楚錚沒有理他,顧自脫下濕衣,在床上躺下,合上了眼睛。

柳墨跪在床前,在黑暗中惶恐而癡迷地看著楚錚。夜色如墨,哪裏又看得見什麽?他卻死死睜著眼睛,不敢將目光稍移。

殺母之仇,楚錚終於決定放下,這正是他的希望,否則日後不免再生風波。然而願望達成,他心裏卻忽然覺得害怕。這磨滅不了的恨與怒,總得有人去承受,不是皇帝,便得是自己。

“楚錚,我不讓你殺他,不是為了他,也不只是為了這天下,我是為了咱們!”

一旦弒君,楚錚武功再高也難逃一死。楚錚若亡,他如何能活?

然而太子年幼,若無他扶持,天下必亂。他又如何能一死了之?

活不能,死也不成,那時你叫他如何是好?

楚錚沒回應。

柳墨怯怯地伸出手,去撫他的臉。

觸手冰涼、濕潤。他慌亂地試圖為他擦去這濕潤,手指卻顫抖得不像話,後來,被楚錚一把揮開了。

他慢慢縮回手,呆呆看著眼前那一片黑暗,直到後來終於迷糊過去。

醒來時一室空寂。他睜開眼,發現自己躺在床上,一個人,屋裏空空蕩蕩,楚錚早已不見了蹤影。

他下了床,跌跌撞撞地奔出去,四下裏繞了一圈。不見了,楚錚不見了,屋前的樹下,也已經沒有了他的馬。

他不死心地,又一點點地、仔細地把四周找了一圈。

沒有,還是什麽都沒有。

他回到茅屋,在門前靠坐下來。四下裏靜悄悄的,只有山風不時嗚嗚地吹過,仿佛在替他哭泣。

他低下頭,一聲,一聲,終於痛快地哭了出來。

他還是大晟的容王爺,真要找人,不會找不到。但找到了又如何?他可以繼續死纏爛打,楚錚同樣可以一次一次離開。他的愛並不能抵消楚錚的恨。他已經努力了一年,竭盡心力,楚錚還是決定離開。沈言說的對,他是個瘋子,可瘋子也會有累得撐不下去的時候。

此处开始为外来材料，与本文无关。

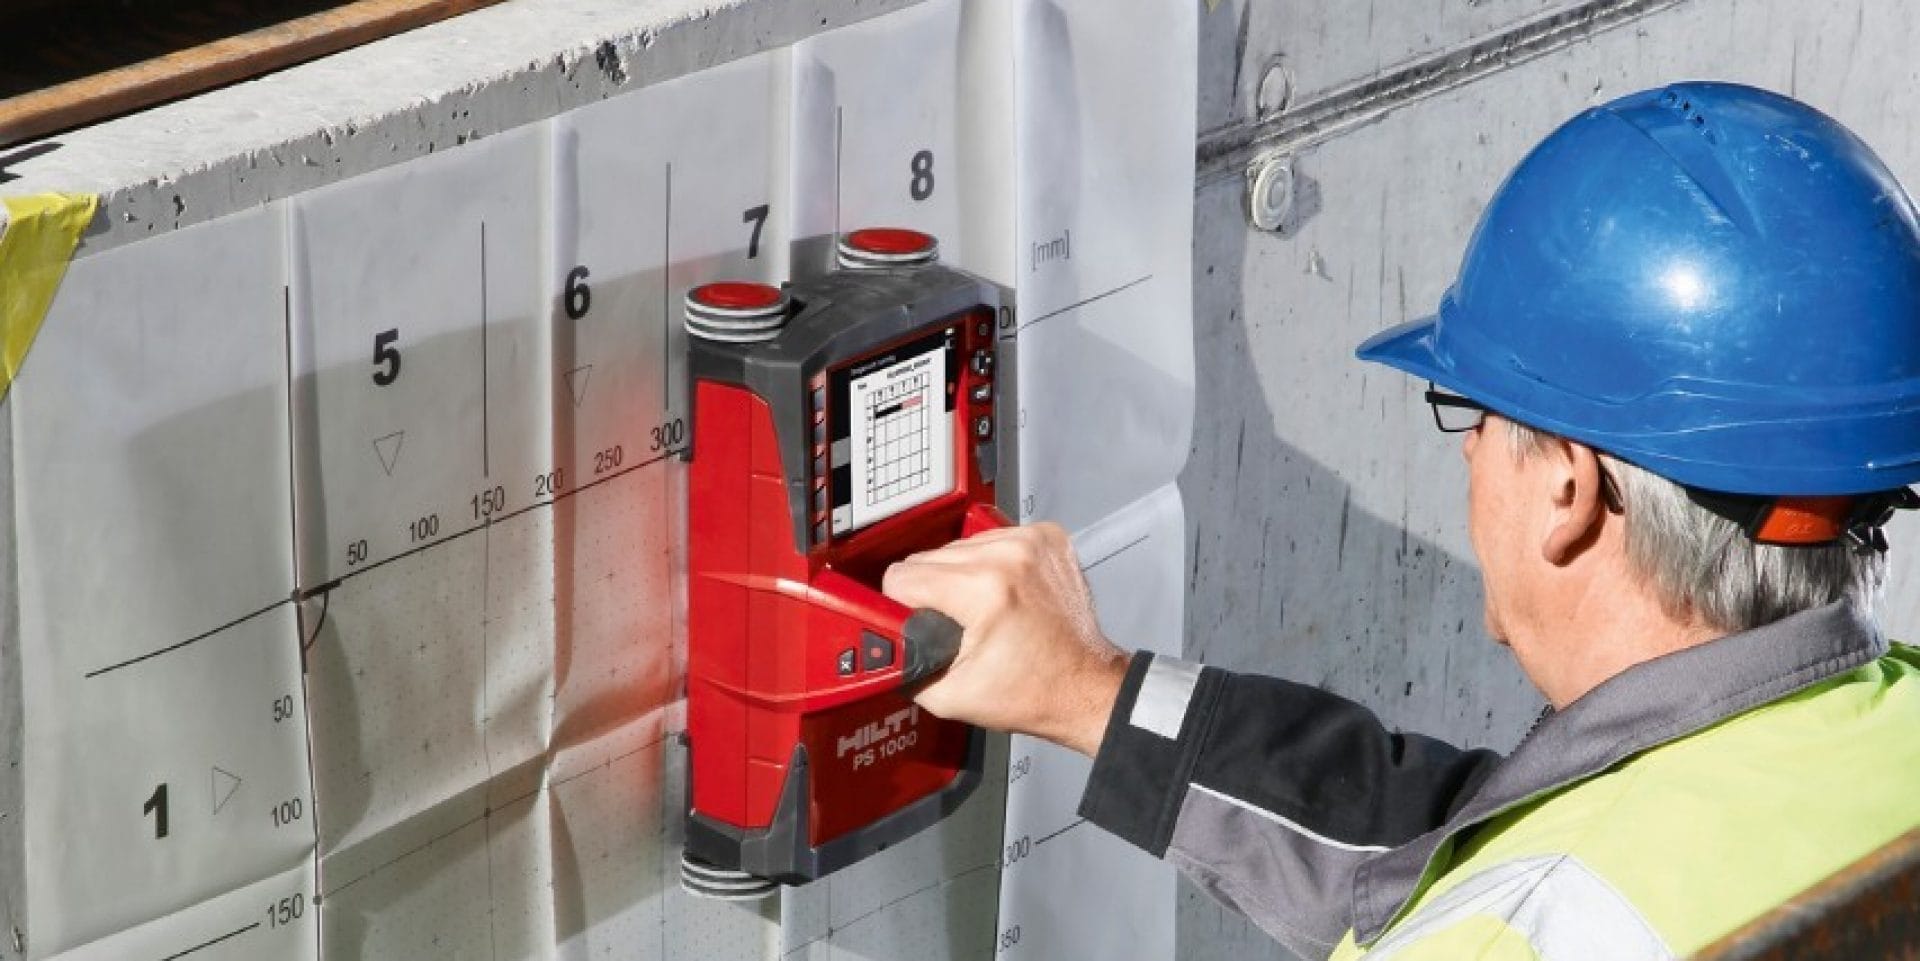 Hilti PS 1000 X-Scan detection system

終於哭完的時候,他站起來,上了自己的馬,慢慢打馬下山。

他走了快半年才終於到了嵐山,因為路上他病了很久。那日夜裏淋了雨,後來又穿著濕衣過了一夜,第二天醒來時已經在發燒,他也懶得理睬,拖了數日,終於病倒在一處小鎮上。病中無人照料,淒苦萬狀地挨了不知多少時候,才漸漸好了。

他在嵐山腳下開了一間茶肆。烏族的人偶爾進進出出,也會來他的茶肆喝一碗粗茶,聊幾句關於嵐山的家長裏短,後來他知道楚錚半年前便來了嵐山,從此再沒離開。他聽到的時候低頭笑了笑,淚水滴在正擦拭著的舊木桌上。這是意料中事。那一年裏楚錚始終不敢去見自己的父親,但總不能逃避一輩子。

再後來,他又陸續聽說了些事,諸如楚錚剛來的時候在楚侯爺門外跪了整整三個月,又比如族長的女兒很喜歡楚錚,雙方家長都有意聯姻之類。

但楚錚,一直沒來過他的茶肆。

柳墨也沒有這樣的奢望。此處並非出入嵐山的主幹道,楚錚要來去也不會經過此處。只要能偶爾聽到關於他的只言片語,他便心滿意足。

歲月悄悄流轉。第二年,某個冬日的夜裏,有人一把火燒了他的茶肆。四下裏鬧哄哄的,人聲狗吠,亂成一片。他驚醒過來,提了劍沖出茶肆,還未看清究竟,迎面便是幾條獵犬撲來。

這是烏族專門訓練了用來捕獵虎豹等猛獸的獵犬,兇猛敏捷,厲害非常。他連刺了幾劍都沒刺中,反而險些被咬了一口,只得退回茶肆。

茶肆裏火勢兇猛,獵犬不敢入內,但正因火勢兇猛,他不出去,便得活活燒死。外面響起許多人張狂的笑聲,他苦笑了一下,到底是燒死好,還是葬身犬腹的好,那也當真難說。

他來此年餘,難免給人認出,以他和烏族的恩怨,有人來尋仇毫不稀奇。雖然他到嵐山不久,皇帝便暗中派了人保護他,但以今晚情勢,只怕未必來得及救他。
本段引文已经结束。